Todo esse preâmbulo não foi à toa. As fábulas passam por gerações e vão ganhando versões e interpretações. Aqui tomo a liberdade de dar a minha: fazendo uma análise a partir dela no contexto da nossa comunidade LGBT+. Somos todes nós LGBT+ João e Maria nas mãos do mundo neoliberal?

Já faz alguns anos que o mês de junho é marcado pelo reforço do slogan da diversidade sexual. Porém, nos últimos tempos as bandeiras das diversidades LGBT+ nesse mês ganharam mais força na sociedade quando houve um início de pressão mercadológica sobre as empresas e companhias, a atração pelo chamado pink-money, para programas de gerenciamento de diversidade e inclusão. Dificilmente não nos deparamos nos dias de hoje com alguma empresa que diz estar investindo em programas de diversidade na sua cultura por um “mundo melhor”. A nossa diversidade de sexualidades então dá lucro. É entrar nas redes sociais, principalmente a do LinkedIn, se nota a proliferação de pessoas consultoras de diversidade, de cursos, de empresas propagandeando suas ações utilizando as bandeiras da comunidade LGBT+. O que cabe perguntar é para quem, como e para quais pessoas essas ações estão sendo feitas?[2]

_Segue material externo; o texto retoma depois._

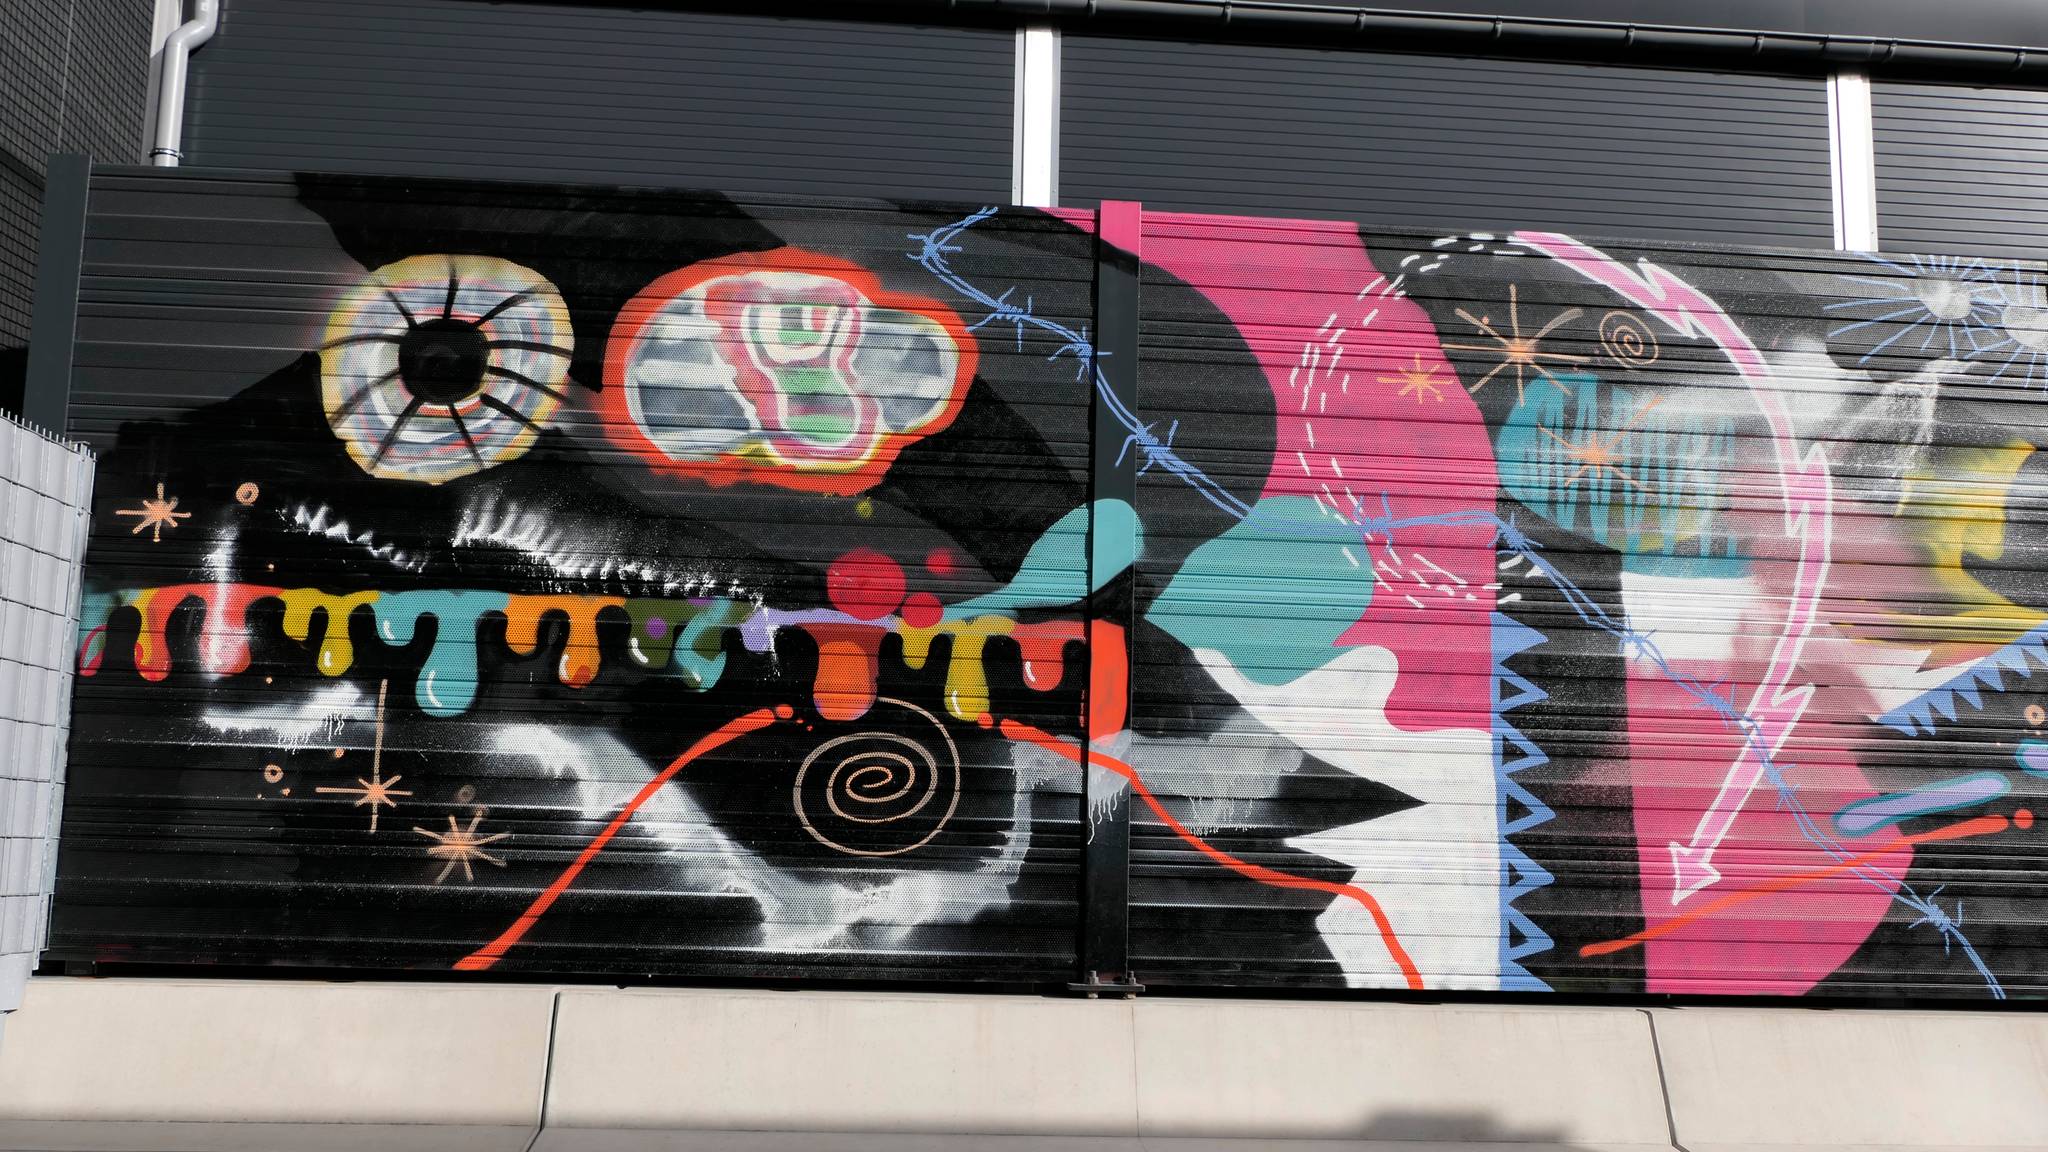 Various Artists&mdash;Abstract graffiti wall
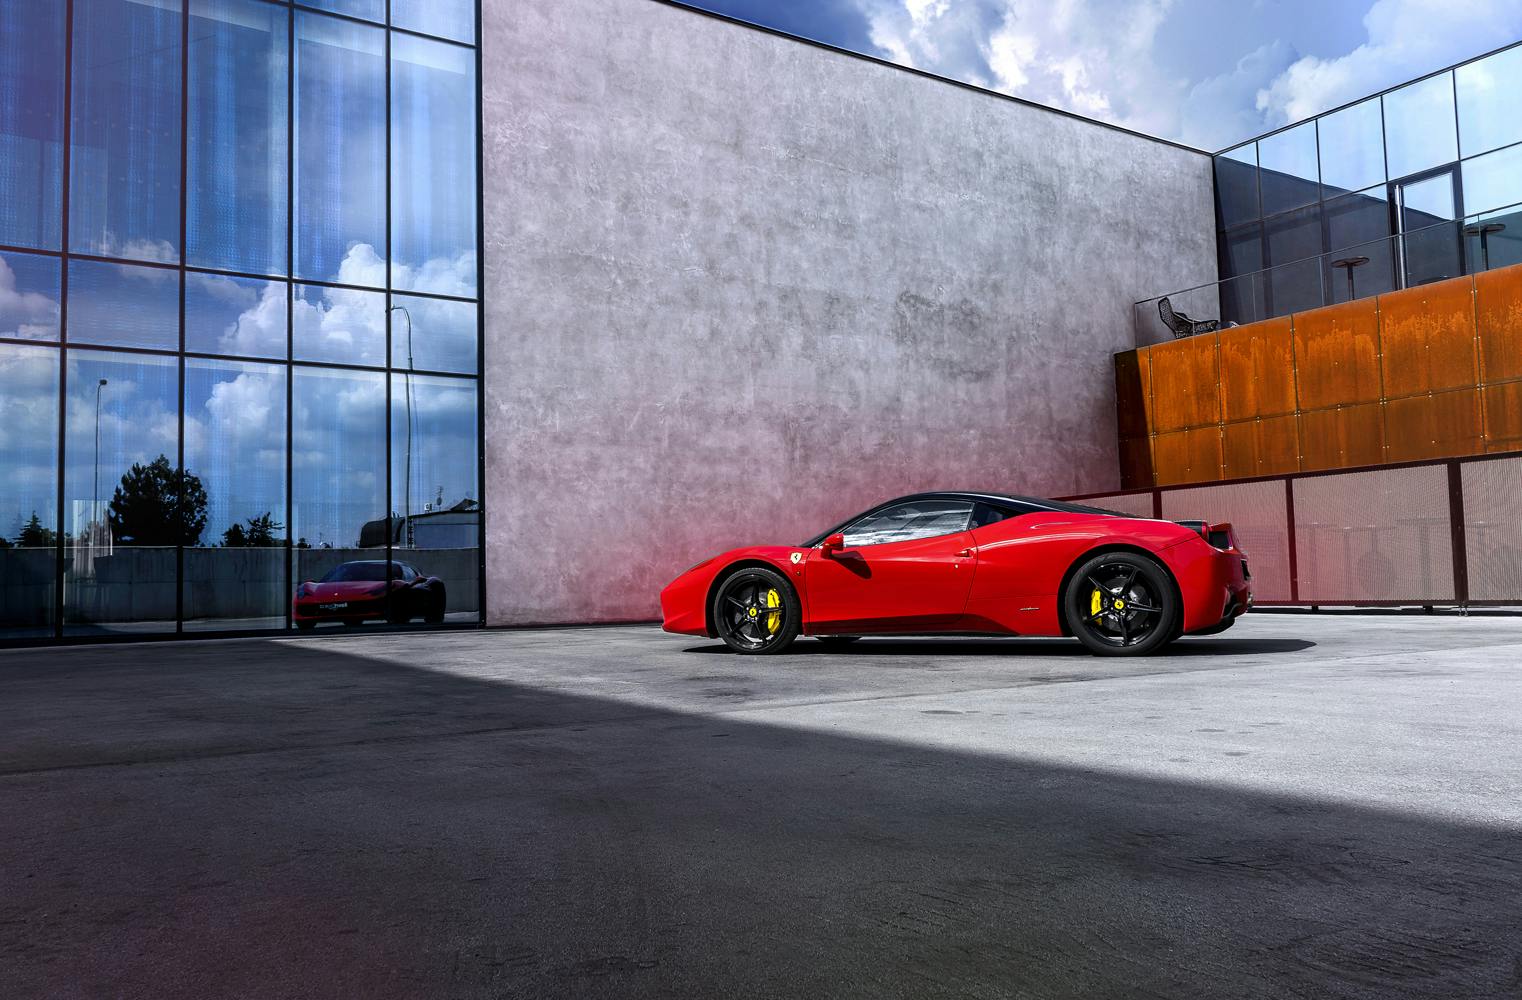 Ferrari selber fahren | Ferrari 458 Italia probefahren

O que não falta é organização, privada e pública, tampando o sol com a peneira para não passar o mês de junho sem fazer nenhuma ação chamada de Diversidade LGBT+ e ficar marcada no mercado. Rola de tudo. Desde tentar conseguir uma palestra com alguma pessoa LGBT+ para falar dos conceitos básicos das diferentes entre sexo biológico, gênero e orientação sexual até repostar matéria antiga de uma fala de alguma pessoa consultora na empresa para manter quente a rede social no mês. Há ainda aquelas organizações que celebram a diversidade, de pessoas LGBT+ e negras, posando com foto de lideranças brancas da instituição que nunca colaram nos grupos de discussão nos momentos mais quentes de conflitos de acusações de LGBT fobia ou racismo que funcionários enfrentaram. Tem aquelas ações ainda de reunir, rapidamente, as pessoas LGBT+ da empresa para uma foto segurando a bandeira do movimento para postar nas redes. Porém, no resto do ano a bandeira fica guardada em alguma gaveta do setor de RH e as pessoas LGBT+ não são lembradas para promoção, sofrem todos os tipos de assédio e são as primeiras a serem demitidas na crise da organização. Enfim, a tal diversidade fica no discurso das organizações.  Entretanto, a proposta de diversidade dessas organizações não aceita todos os discursos. Não adianta colocar no mesmo ambiente o colorido das bandeiras LGBT+ quando se censura os processos sócio-político-históricos dessas pessoas. O corpo LGBT+ vem com uma narrativa, mas nem todas as narrativas serão incluídas e o senso de pertencimento, tão caro a qualquer ser humano, não será desenvolvido.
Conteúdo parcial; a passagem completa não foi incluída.